EXTRACTED INFORMATION —

***

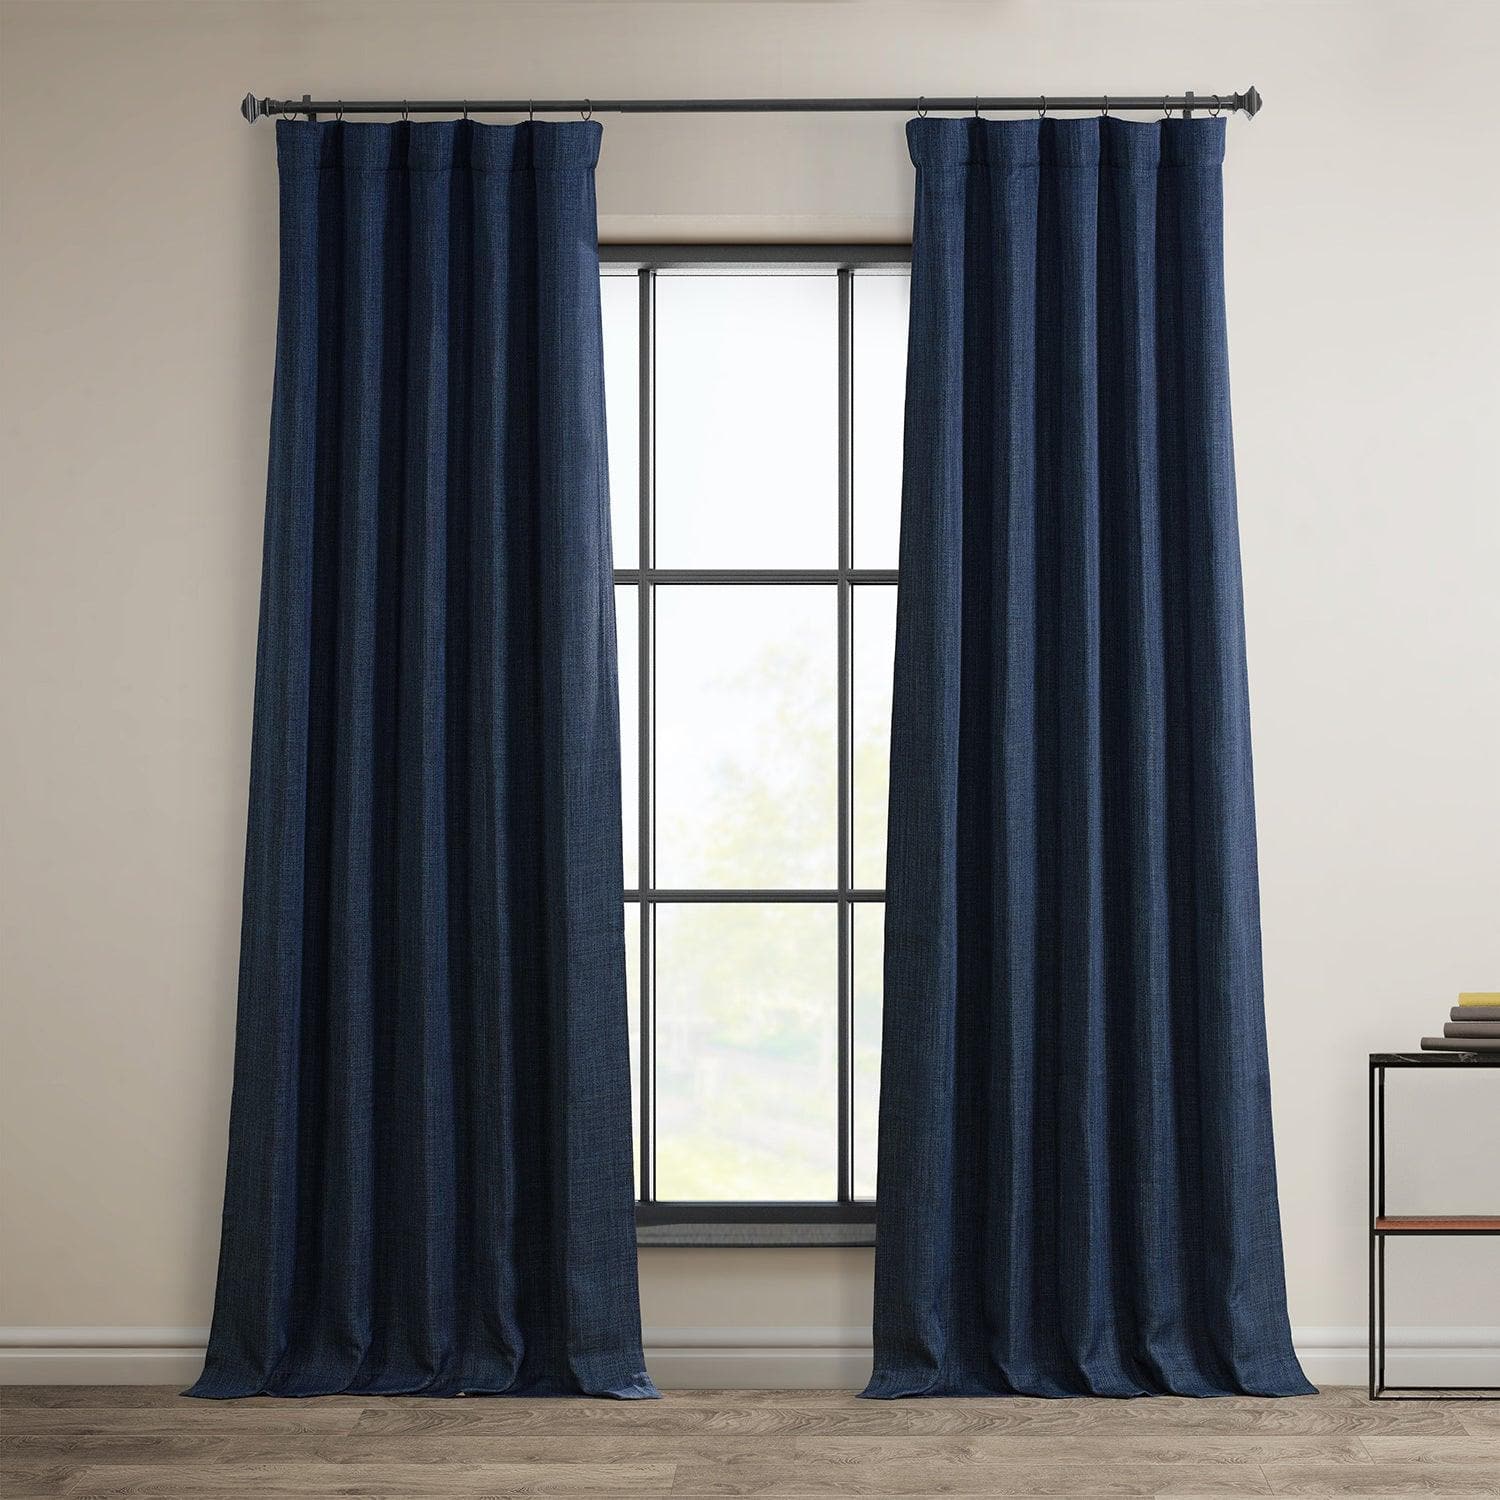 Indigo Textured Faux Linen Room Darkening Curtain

***

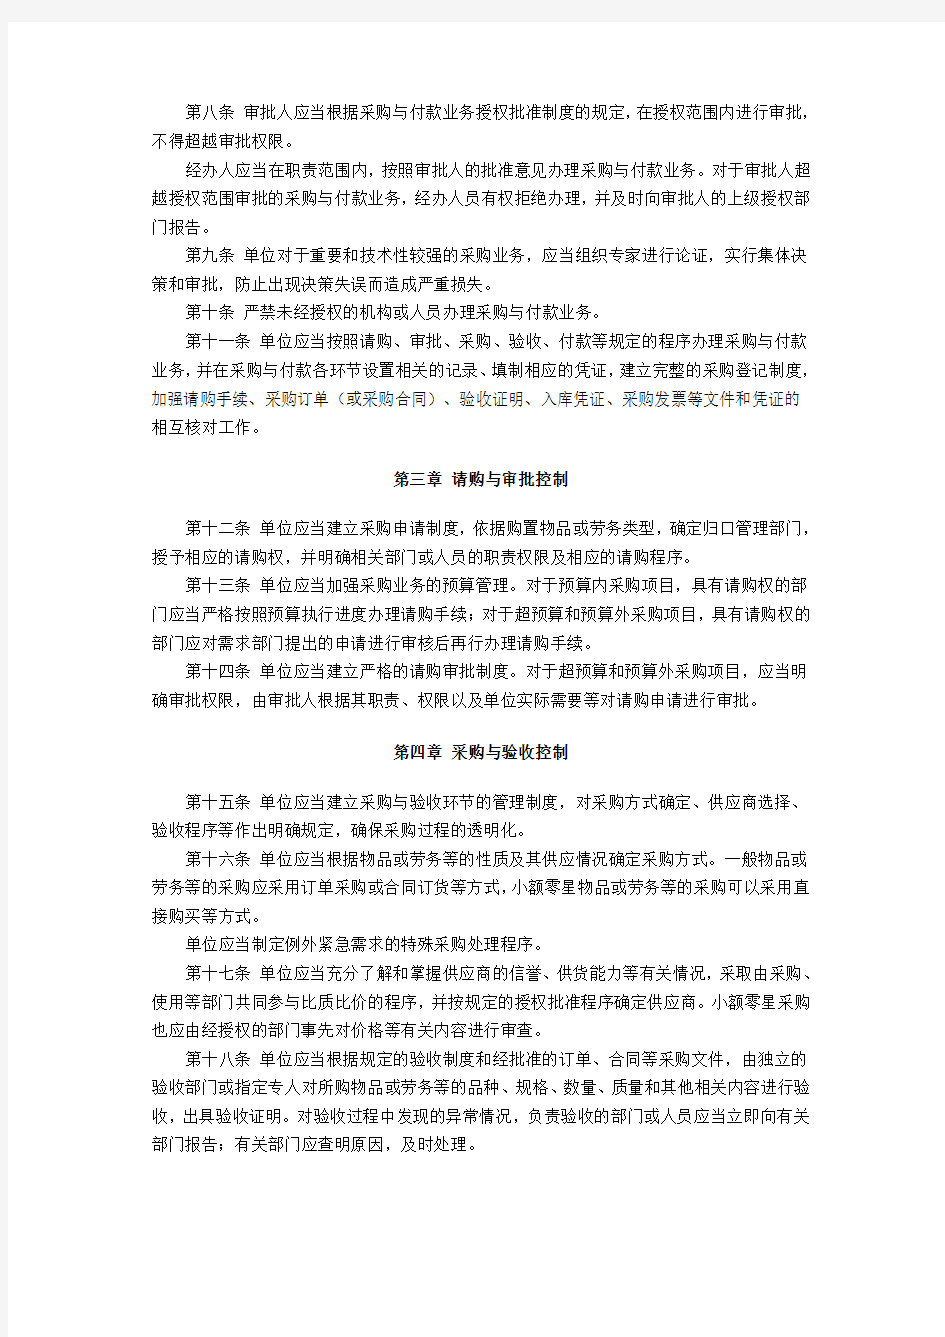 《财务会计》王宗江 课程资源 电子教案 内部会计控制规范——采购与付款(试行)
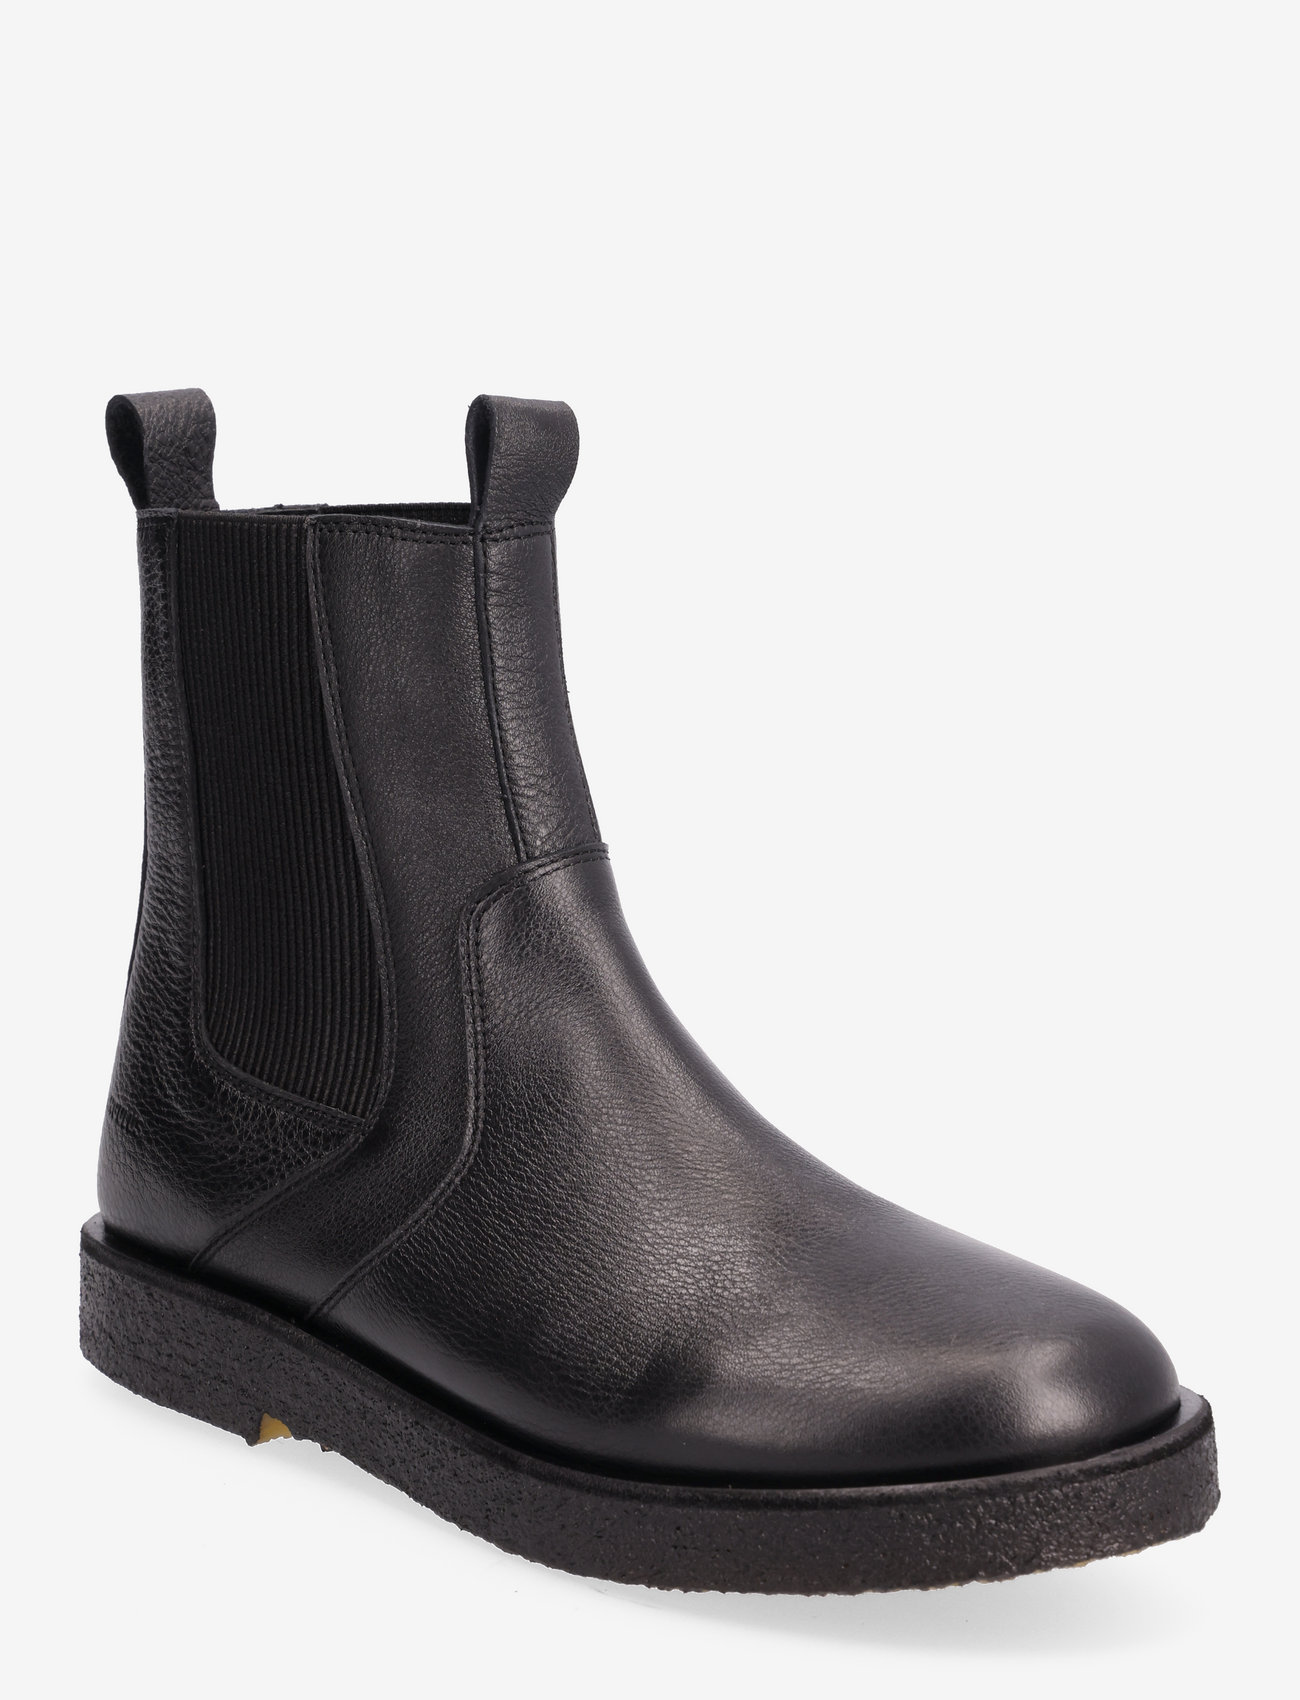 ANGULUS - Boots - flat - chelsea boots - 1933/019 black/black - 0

***

TASK — Output exactly, and only, the lines of the entries above from the one with "课程资源 电子教案 内部会计控制规范——采购与付款(试行)" up to and including the one with "ANGULUS - Boots"; pictures are to be left out.

TASK RESPONSE —
 《财务会计》王宗江 课程资源 电子教案 内部会计控制规范——采购与付款(试行)
 ANGULUS - Boots - flat - chelsea boots - 1933/019 black/black - 0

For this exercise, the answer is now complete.